Мальчуган безмятежно спал на своей лежанке.

— Ты видел, как он на меня смотрел?

— Когда?

Он, похоже, все еще наполовину спал.

— Тогда. — Эйтлинн раздраженно засопела. — Не притворяйся, что не понимаешь.

— Как?

— Жутко. Я ведь больше всего боялась, что он не поймет. Решит, что ты делаешь мне больно. Не знаю, понял ли он, но… Мне кажется, его бы это не смутило. Он был бы даже рад, если бы ты меня придушил.

Киэнн сел.

— Этт, не начинай травить эту баланду снова! Во-первых, я не собираюсь тебя душить. Во-вторых, тебе показалось.

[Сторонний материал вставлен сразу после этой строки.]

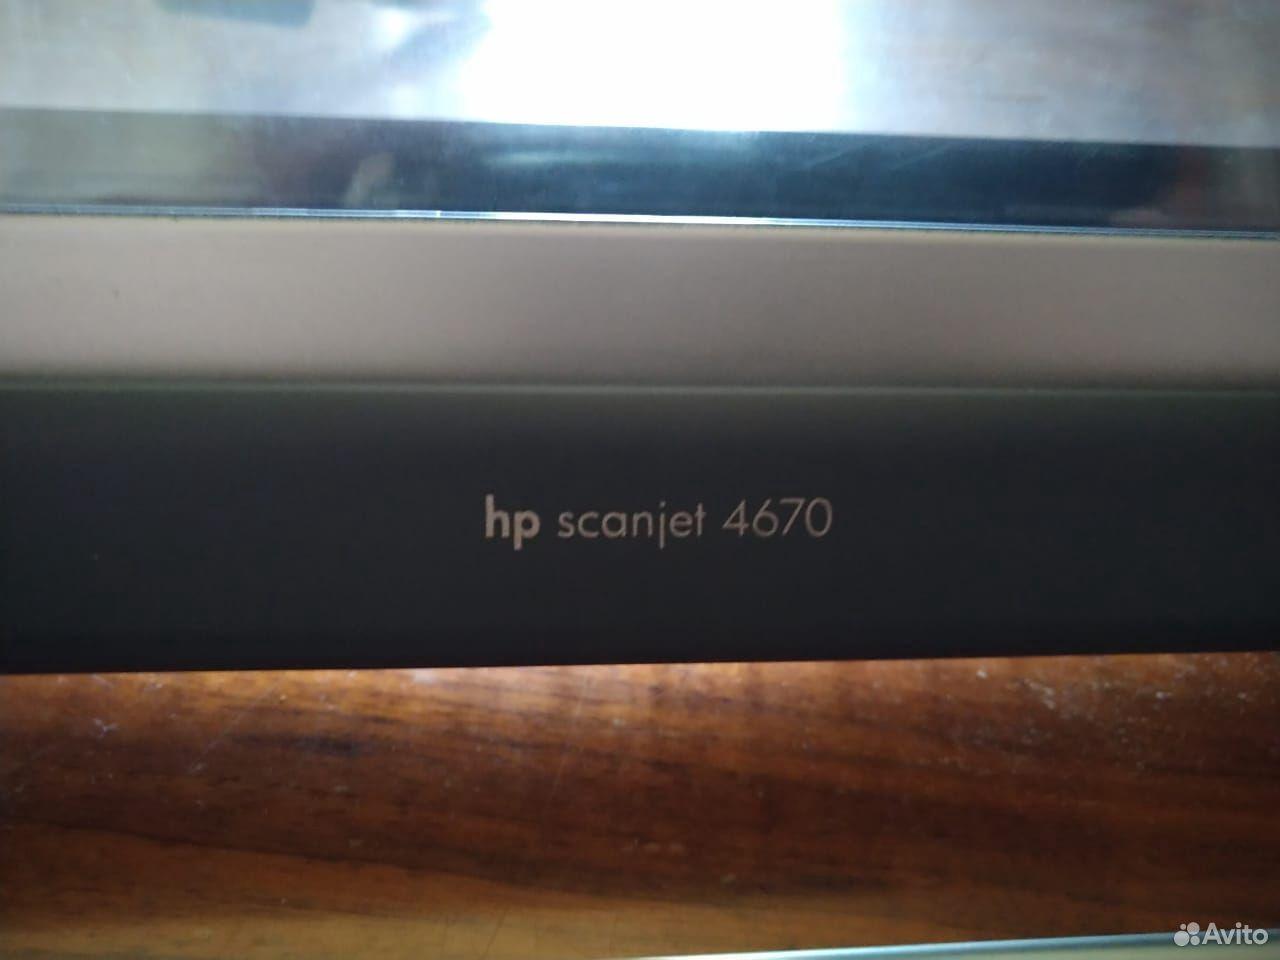 Сканер scanjet hp 4670

Она отчаянно помотала головой:

— Не показалось. Киэнн, я не знаю, кто он. Мне страшно. Он чудовище!

Киэнн криво ухмыльнулся:

— Позволь тебя просветить, моя прекрасная королева. Все дети — чудовища. Тебе бы следовало хорошенько выучить это, прежде чем дать жизнь одному из них. Они рождаются на свет жестокими, злыми и безжалостными. Это нормально. Мы, взрослые, боимся смотреть этой истине в лицо, а потому придумываем себе сладенькую иллюзию, представляя их розовощекими сусальными ангелочками. А когда эта иллюзия, как и все они (а по иллюзиям я специалист, поверь) разлетается в пыль — ну, тогда мы внушаем себе, что это произошло потому, что… Здесь подставь что угодно. Другую новенькую иллюзию. Но это не потому, что. Это их естественное состояние.